Docs / Anti-Patterns

Common anti-patterns

Patterns that degrade security, reliability, and cost-efficiency in AI-integrated applications — and what to do instead.

ANTI-PATTERN 01

Storing API keys in client-side code

Embedding provider keys in browser bundles, environment variables prefixed with NEXT_PUBLIC_, or hardcoding secrets in JavaScript shipped to the client exposes credentials to every end user. Any key that reaches the browser is extractable via DevTools, network inspection, or source maps.

Route all model calls through a backend proxy. Store keys server-side only, injected at runtime via sealed secrets or a vault. The client never sees the credential — it sends a request to your API, and your API forwards it with the key attached.

ANTI-PATTERN 02

Infinite retry loops without backoff

Wrapping a failed API call in a while(true) loop with no delay, no max attempts, and no circuit breaker turns a transient 429 into a self-inflicted denial-of-service. Each retry compounds load on the upstream provider, guarantees rate-limit hits, and burns quota on requests that will never succeed.
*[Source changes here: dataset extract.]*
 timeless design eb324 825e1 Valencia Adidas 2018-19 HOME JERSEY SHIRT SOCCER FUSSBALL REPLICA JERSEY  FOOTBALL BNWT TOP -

Cap retries at 3–5 attempts. Use exponential backoff with jitter (e.g., 1s → 2s → 4s). On 429 responses, respect the Retry-After header. Implement a circuit breaker that halts all requests after a threshold of consecutive failures.

ANTI-PATTERN 03

No request timeout configured

Omitting a timeout on fetch calls, streaming connections, or SDK clients means a hung connection blocks the request thread indefinitely. In serverless environments this burns function duration. In user-facing UIs it produces a spinner that never resolves. Long-running generations with no deadline also accumulate cost silently.

Set an explicit timeout on every outbound call — 30s for standard completions, 120s for long generations. Use AbortController in the browser and equivalent deadline mechanisms server-side. Surface timeout errors to the user with a clear retry affordance.

ANTI-PATTERN 04

Ignoring streaming response chunks

Requesting a streaming completion but buffering the entire response before rendering defeats the purpose of streaming. Users stare at a blank screen for the full generation duration, then receive the output in one burst. This pattern also consumes unnecessary memory holding the full payload.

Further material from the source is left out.